If you're a woman and you love wine, then you must be a complete idiot.
That's the only logical conclusion we were able to draw after stumbling upon a slew of borderline misogynistic marketing ploys to influence our (since we are most assuredly a "she") wine-purchasing decisions. With some research claiming that women are responsible for 80 percent of the wine purchased for home consumption, it's no wonder that some brands will push any crazy "girlie" wine idea they can dream up in order to get their hands into our wine kitty. We can certainly appreciate that there is some subset of our demographic that is seeking -- to put it nicely -- "softer" messaging about wine, which for too long has been largely targeted to men. But on behalf of our wine-loving gender, we simply must call bullshit on these overly sexist and, in one case, downright misleading wine-marketing concepts. Turn the page for three marketing ploys so egregious, we had to say "WTF!?"
Wine In a
Box Purse: Does any winemaker seriously believe women are so vapid that they'd like to treat their wine as a fashion accessory? Apparently the folks behind Volére Wine Couture think just that. Frankly, we find ourselves feeling less than enthusiastic about a wine producer whose website lists its wine's "fashion forward design" as a primary descriptor. Lucky women can choose between three equally stylish varieties of purses -- a pinot grigio, a merlot or a rosé -- to take to their next jewelry party or scrapbooking session, since the purse is (surprise!) actually a resealable 1.5 liter box. Actually, that may be the only thing we like about these wines, since we favor eco-friendly options -- just not the kind that make us look and feel like a kid playing dress up.
They Cannot Be Serious: Finally! Wine-loving women around the world can breathe a sigh of relief, because someone was smart enough to develop a set of wines designed specifically to suit a woman's "ever-changing world" and "pair with our personalities." But wait, it gets better. According to the thoughtful cats behind Be. Wines, there's always a perfect bottle to go along with a wide array of fashion and activity choices. And since we women are such fey, fickle creatures, the brand has come up with four wines to address our unique, ever-changing natures: There's Be. Fresh, a chardonnay that's "an ode to serendipity"; Be. Flirty, a pink moscato, a wine "inspired by a perfect blend of confidence and playfulness with a delightful finish of fun"; Be. Bright, a pinot grigio "full of light and lovely whimsical wisdom complemented by the perfect touch of unforgettable charm"; and Be. Radiant, a riesling with flavors that "linger like that perfect evening that still floods your daydreams with sly smiles." And that's not all. The oh-so-clever pairing utility allows us to pick the two -- um, accessories? -- that best align with our mood, which in turn will help us decide which wine to drink. Choose "stiletto" and "cookie" (because we're always rocking sky-high heels while nibbling delicately on macarons), and you discover that the ideal wine to sip on just such an occasion is the flirty-licious moscato. If you're the kind of girl who's more the "tambourine" and "lasso" type, the genius recommendation is riesling.
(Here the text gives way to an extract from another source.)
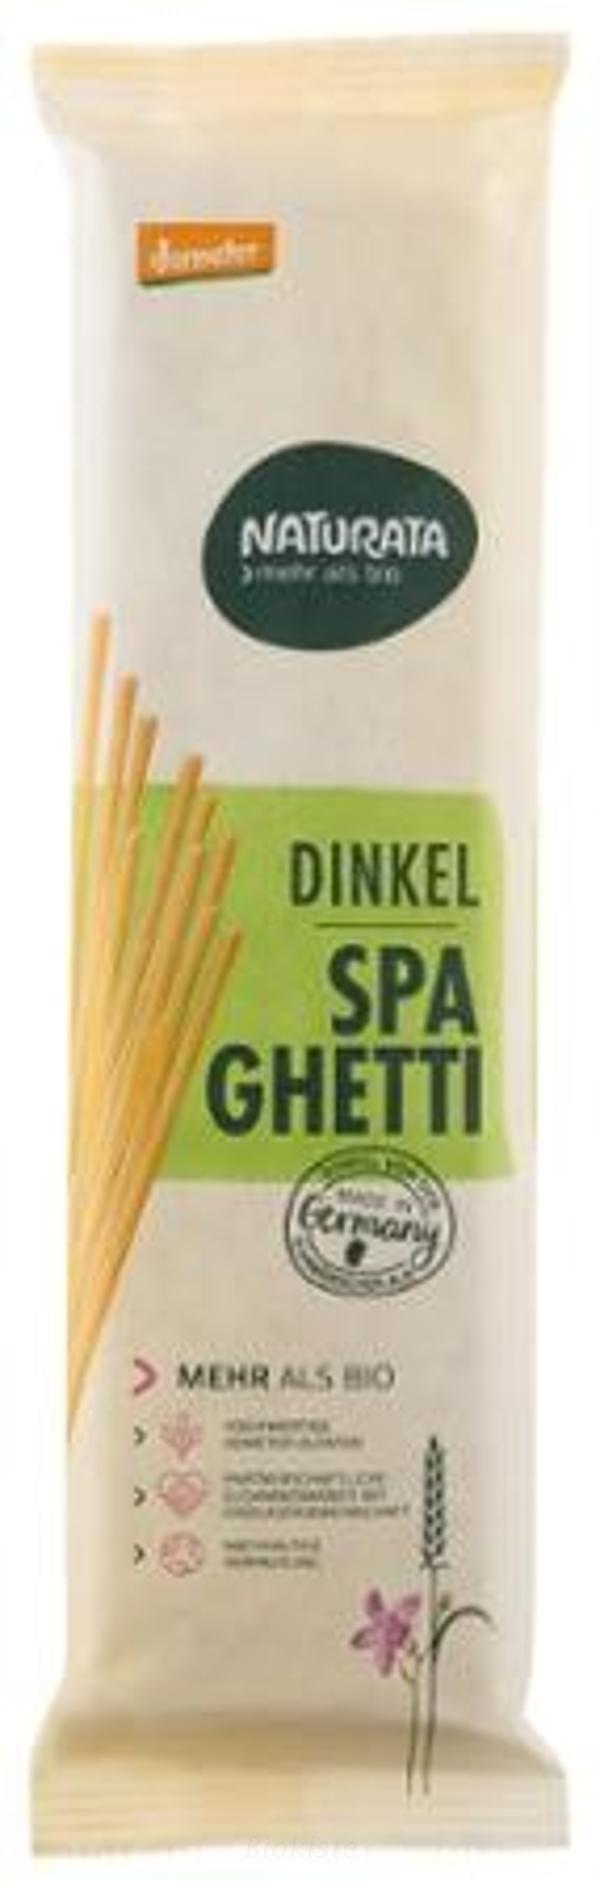 Produktfoto zu Spaghetti Dinkel, hell 500 g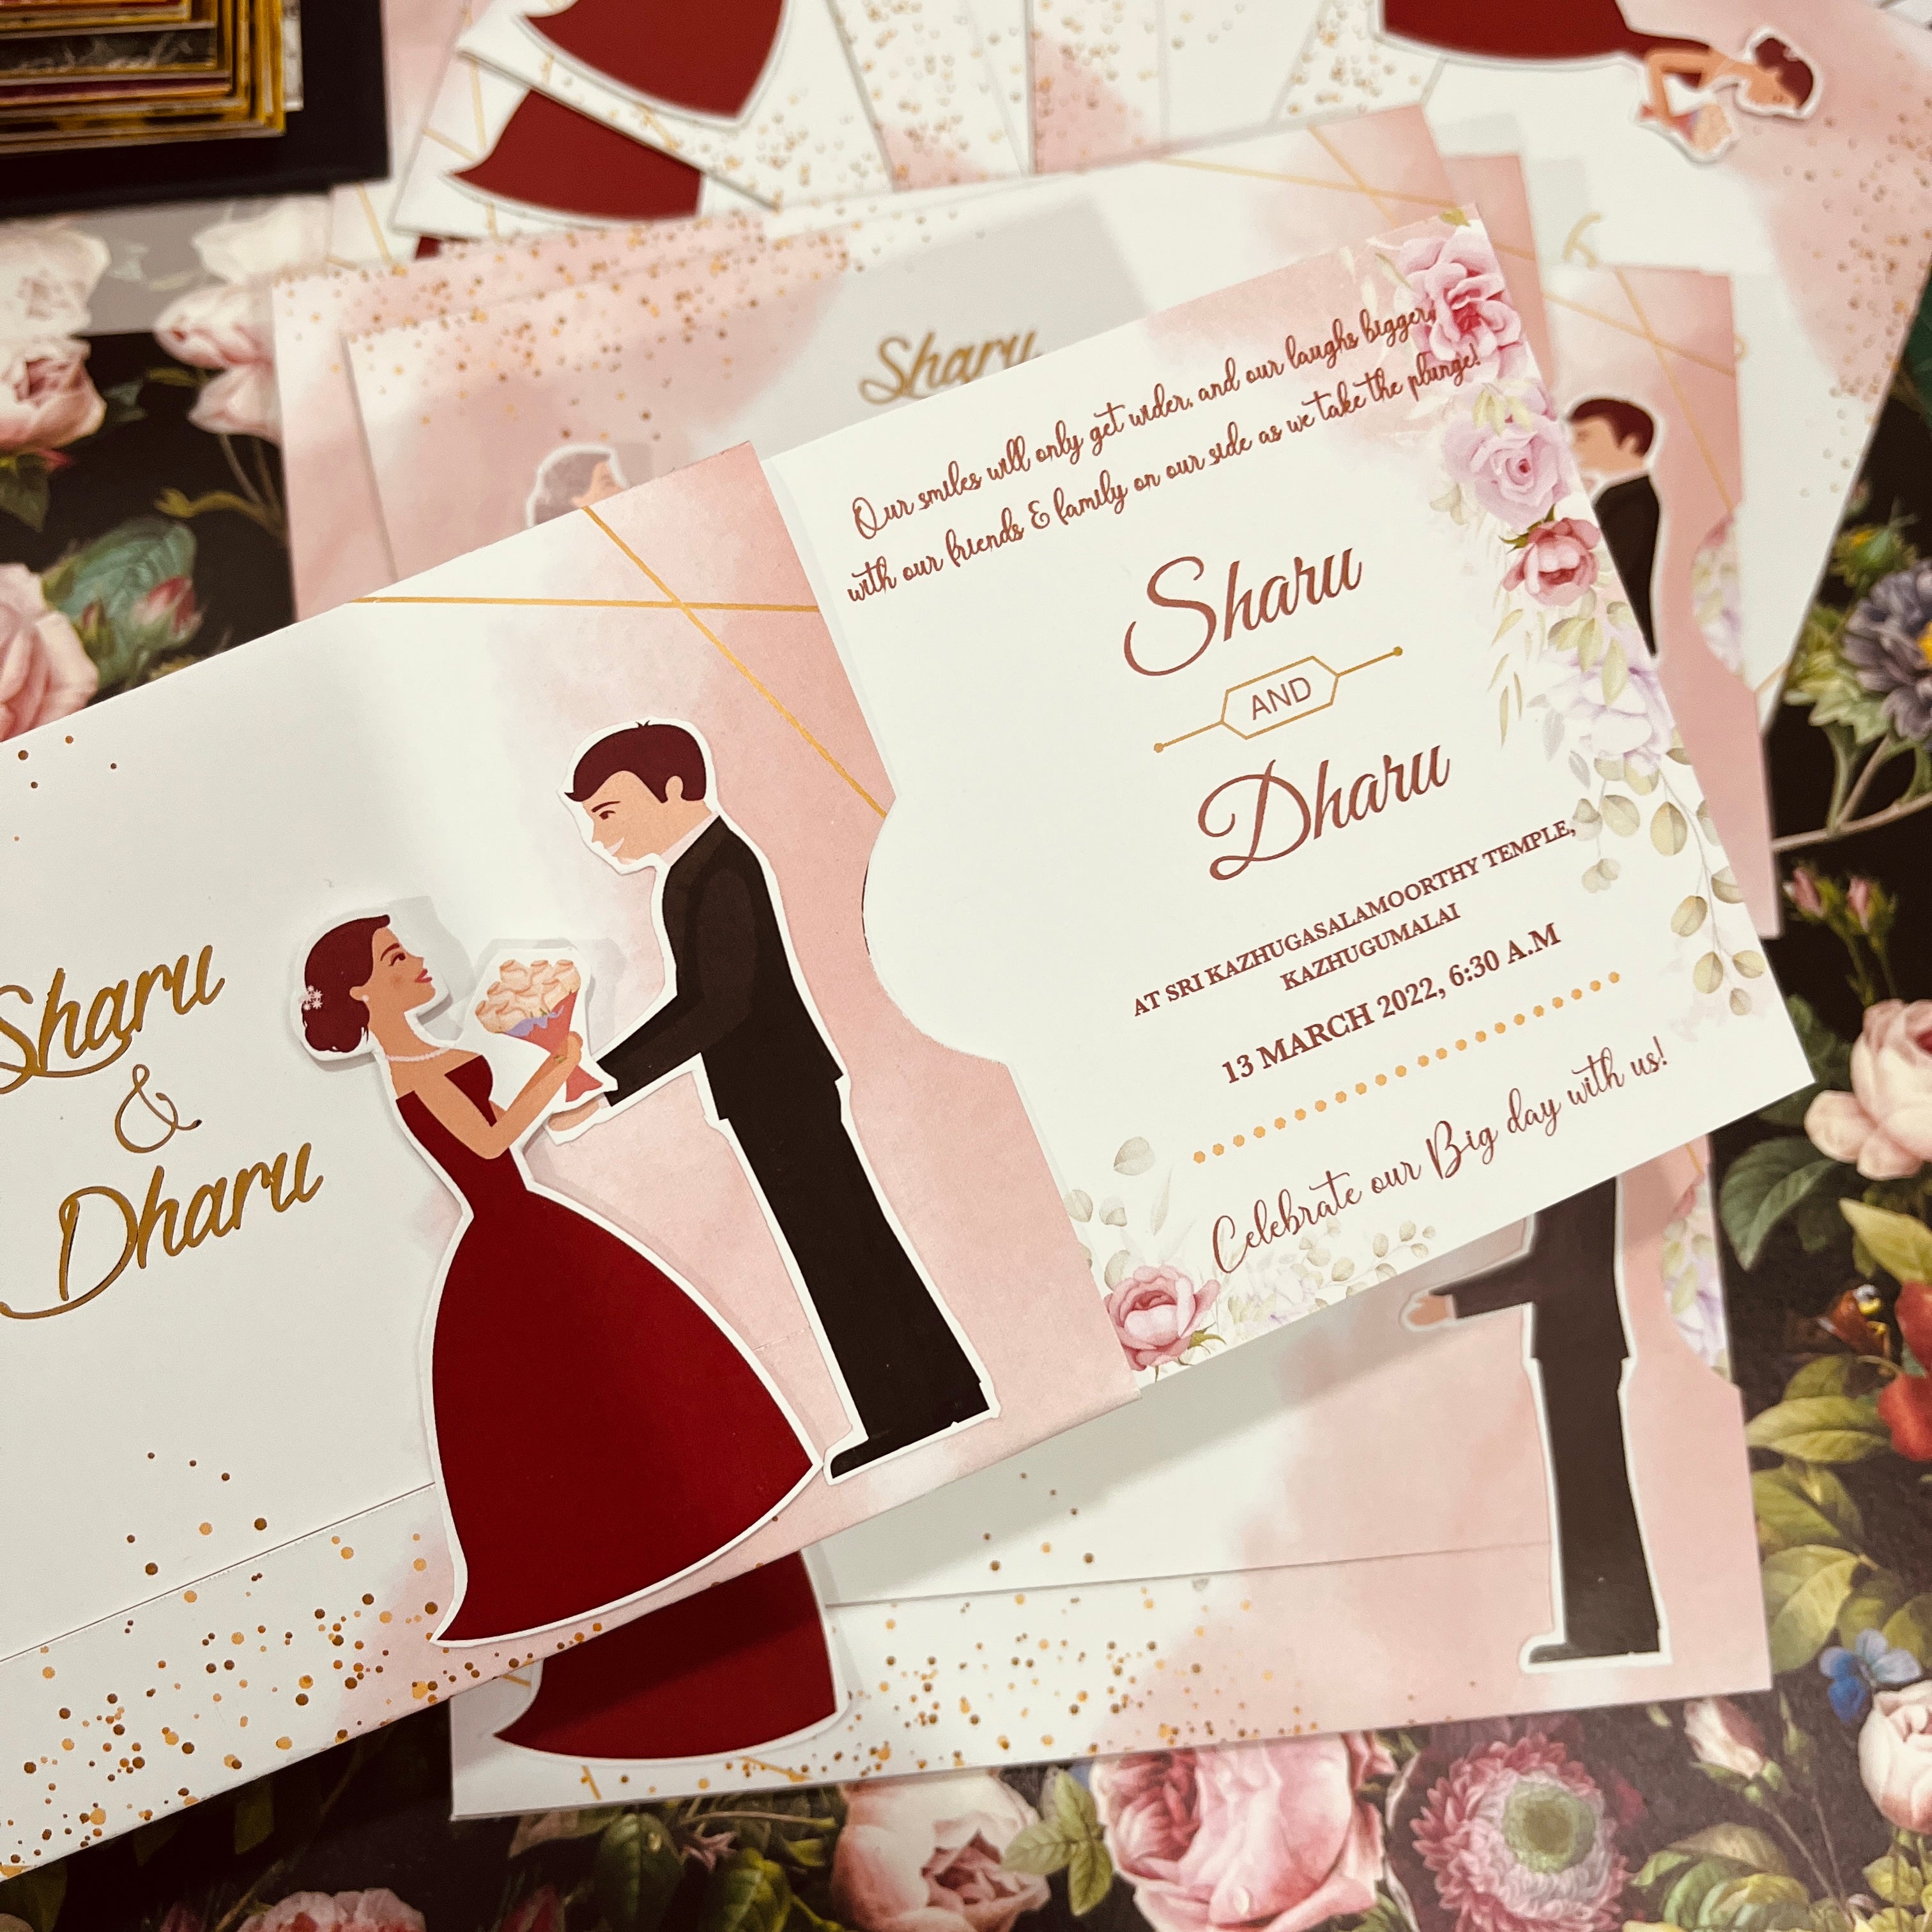 Suit-Gown Wedding Invitation / Sliding wedding cards / Sliding invites /  Customised Invitation, Sliding cards (25 pcs)

Skinnygirls Do [Bad] Wine: This particular wine marketing ploy pissed us off even more than the others, because it preys on misleading information and perpetuates ridiculous stereotypes. Real Housewives of New York City alum Bethenny Frankel made so much money with her line of lower-calorie Skinnygirl margaritas and pre-mixed cocktails that she figured she might as well make a product play for the woman who both loves wine and worries about her weight. Thanks to her, we now have three "guilt-free" Skinnygirl Blends: a California red, a California white and a California rosé. The company's website proclaims that the "smooth and grounded" red delivers "all of the good parts of a breakup -- chocolate, berries, caramel and crème brulee," with "none of the bad (puffy eyes and extra calories)." Wow. We're offended just reading that sentence. The worst part of this pandering, though, is the claim that the wines are "amazingly" low-calorie, attempting to assuage our fears of weight gain by assuring us that each five-ounce glass of Skinnygirl wine contains just 100 calories...which is such a ginormous savings over the typical 110 to 125 calories we might rack up drinking a non-Skinnygirl wine. But after sipping one of these severely flavor-challenged offerings, we are more than willing to spend an extra three minutes on the treadmill to make up the difference.